- WORK TASK -
The material below has pictures in it. Set down only the lines from the line containing "Dibujado A Mano" through the line containing "Bus_budapest", word for word, and leave the pictures behind.

- DATA TO USE -
# # # # #
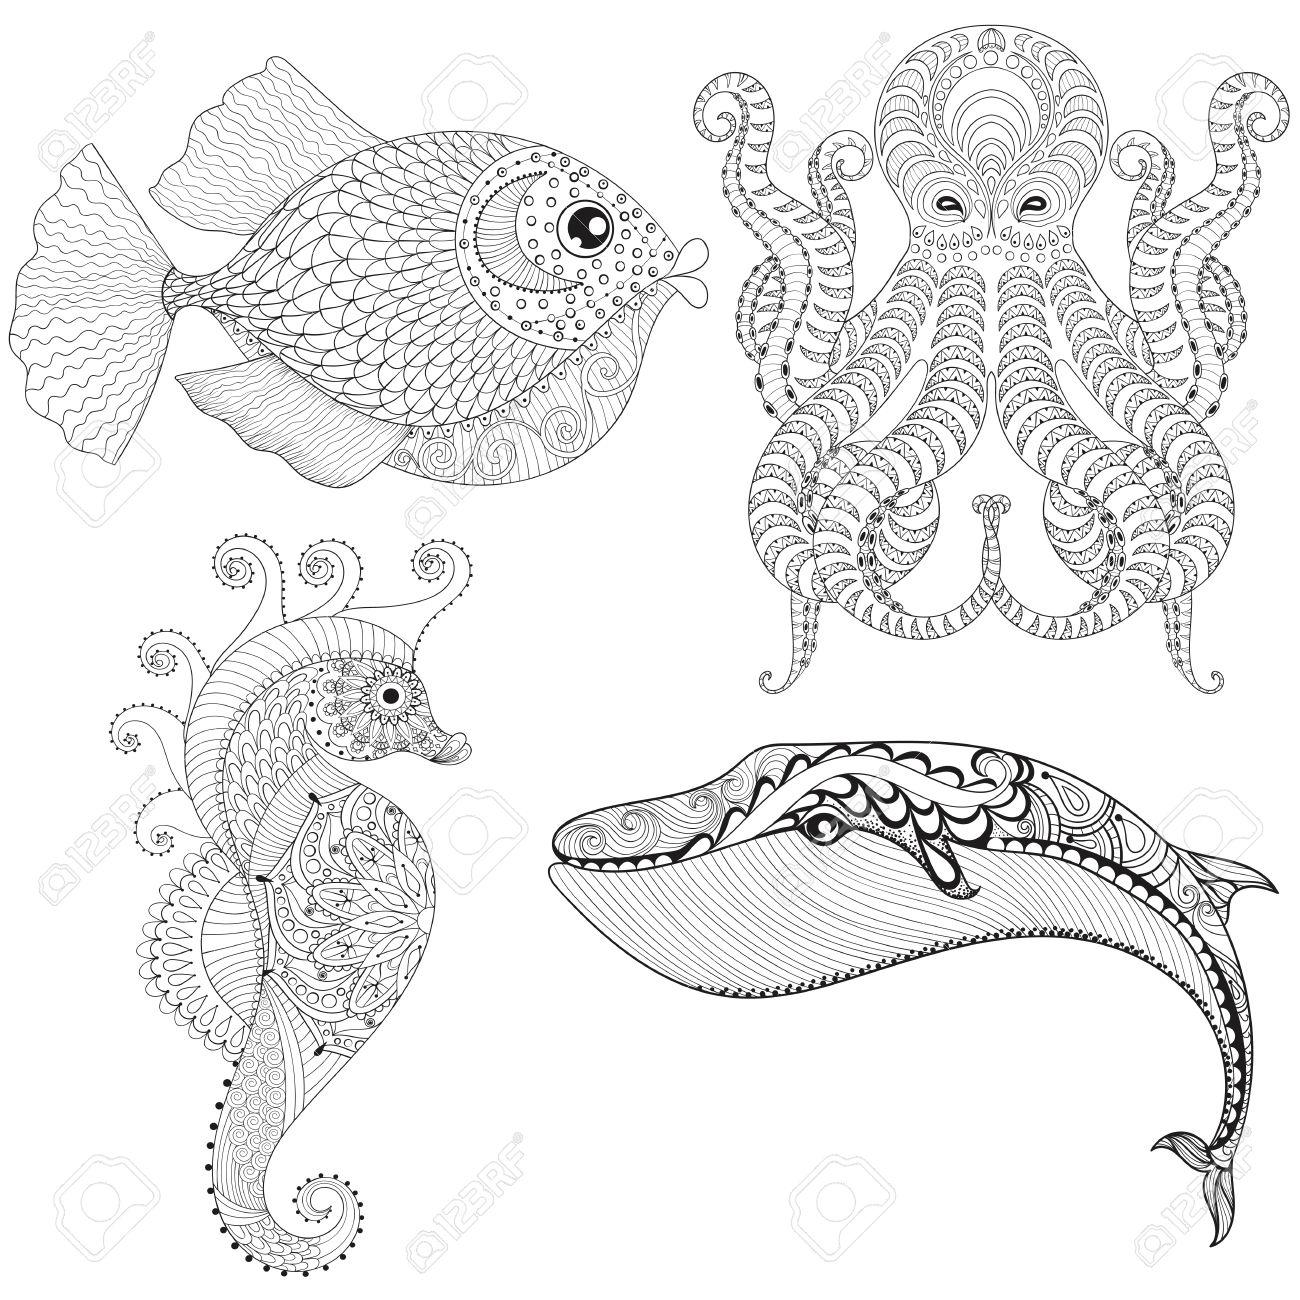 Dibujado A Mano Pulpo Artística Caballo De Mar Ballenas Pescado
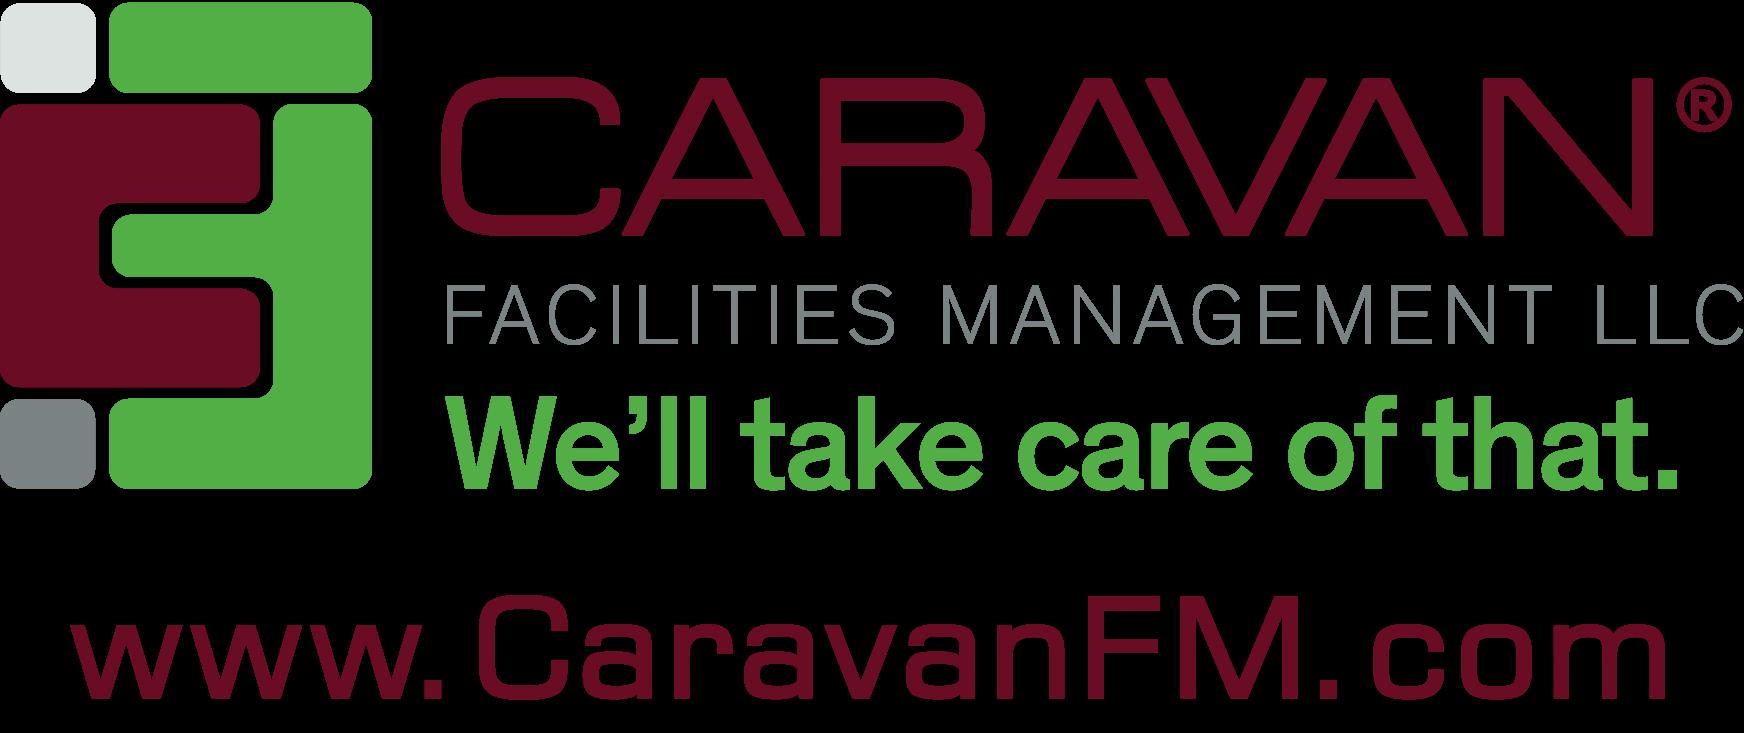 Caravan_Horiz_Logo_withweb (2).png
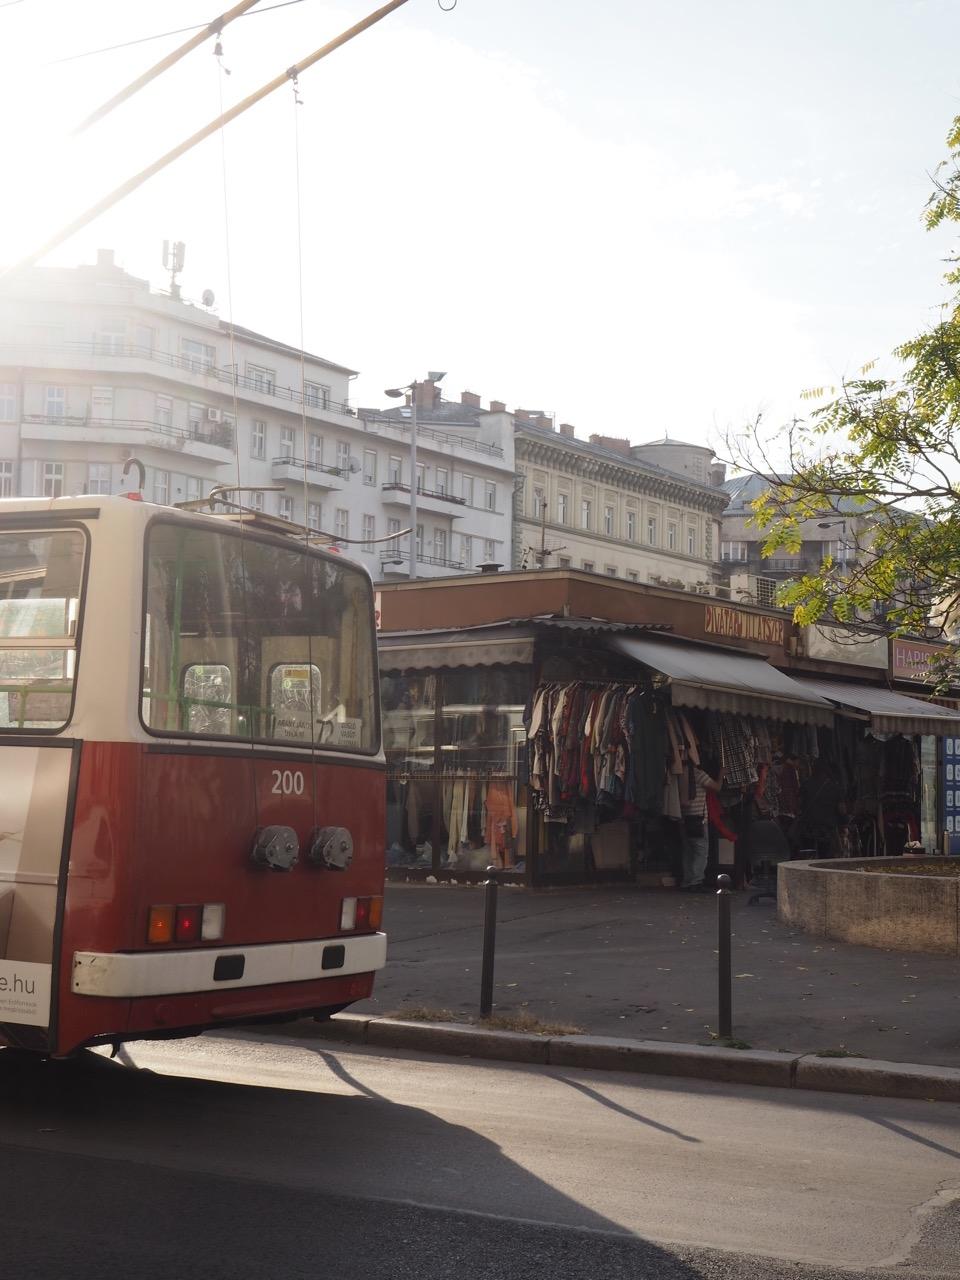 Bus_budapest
# # # # #
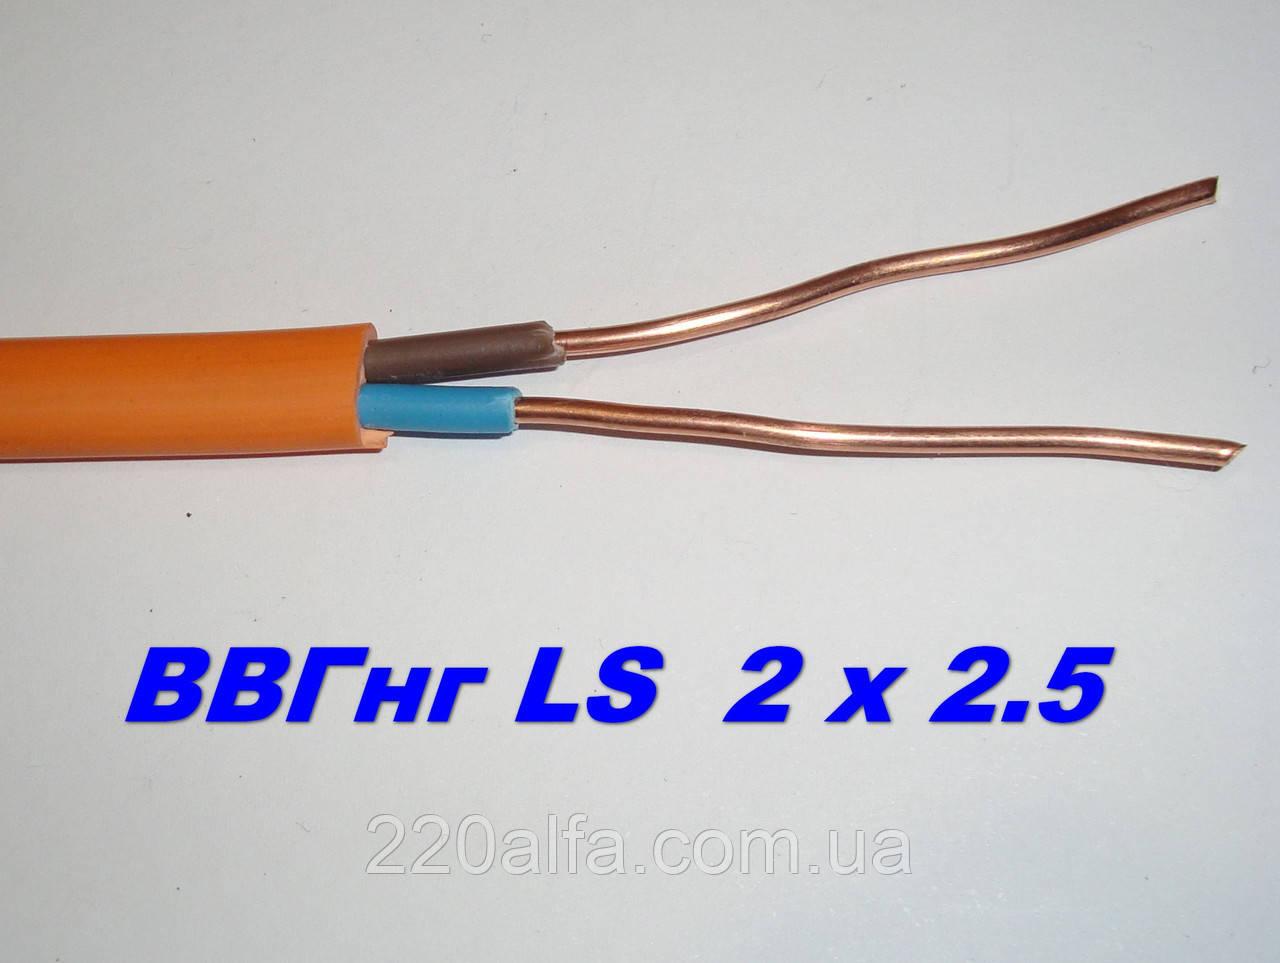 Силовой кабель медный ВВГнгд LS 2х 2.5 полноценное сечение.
# # # # #
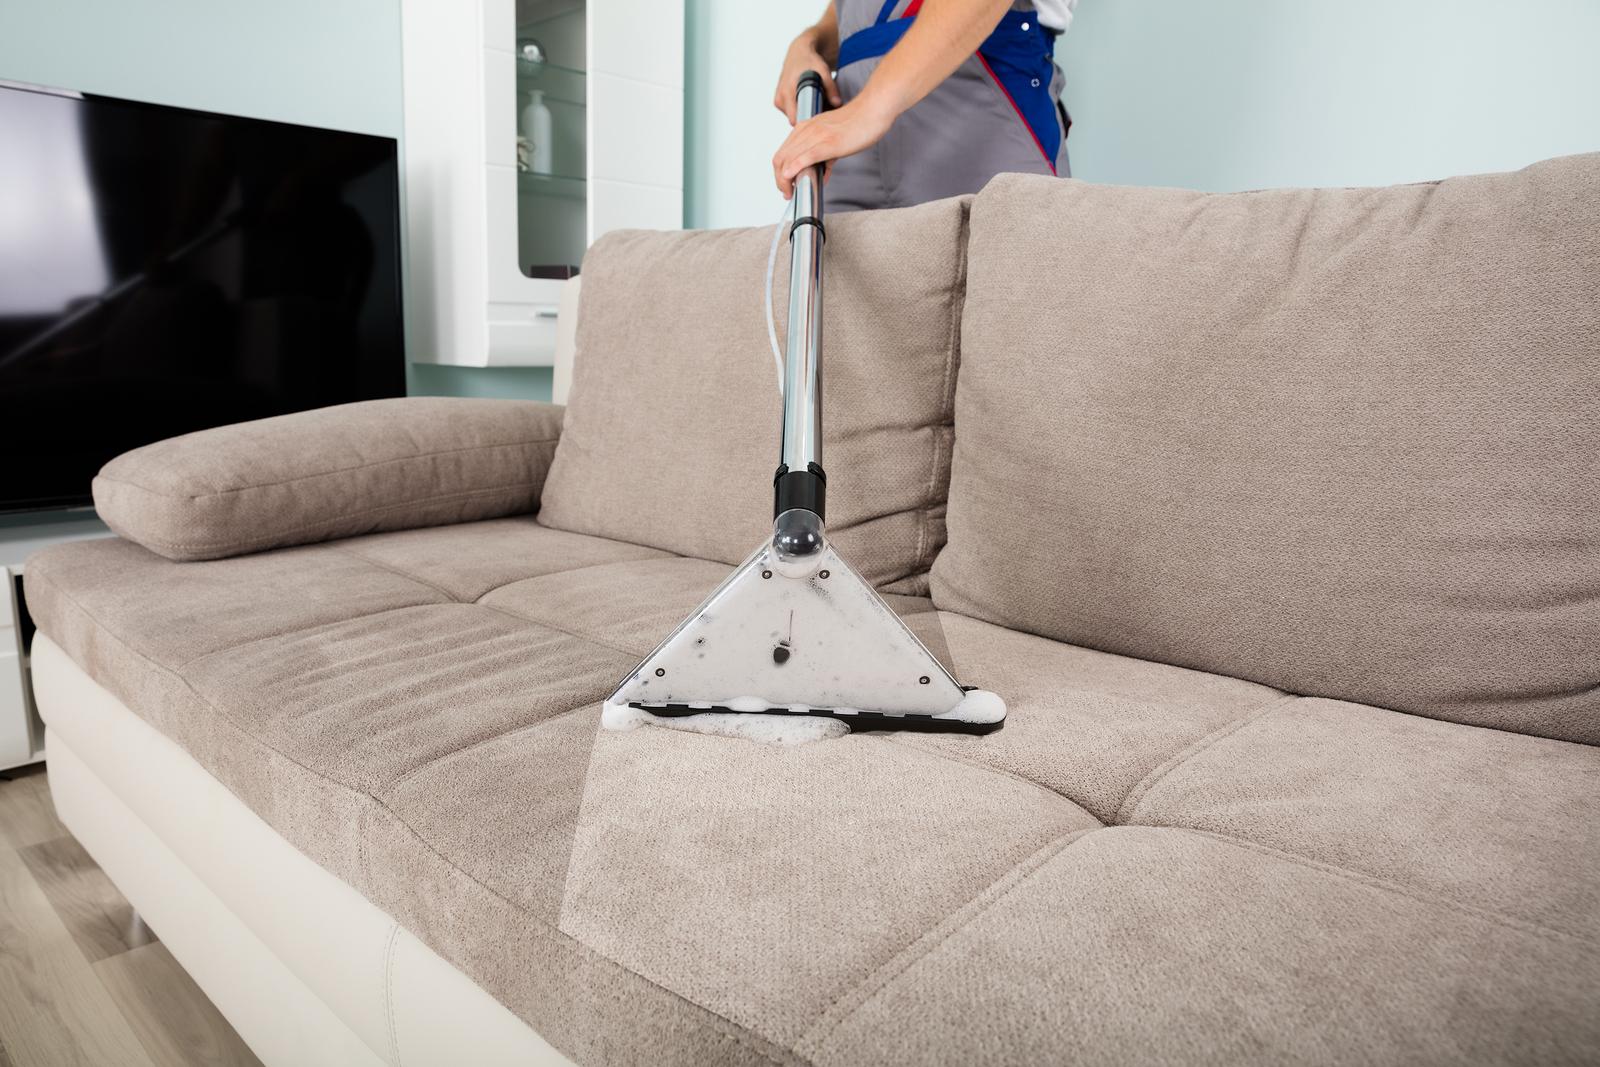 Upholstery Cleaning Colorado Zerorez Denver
# # # # #
- RESPONSE TO THIS TASK -
 Dibujado A Mano Pulpo Artística Caballo De Mar Ballenas Pescado
 Caravan_Horiz_Logo_withweb (2).png
 Bus_budapest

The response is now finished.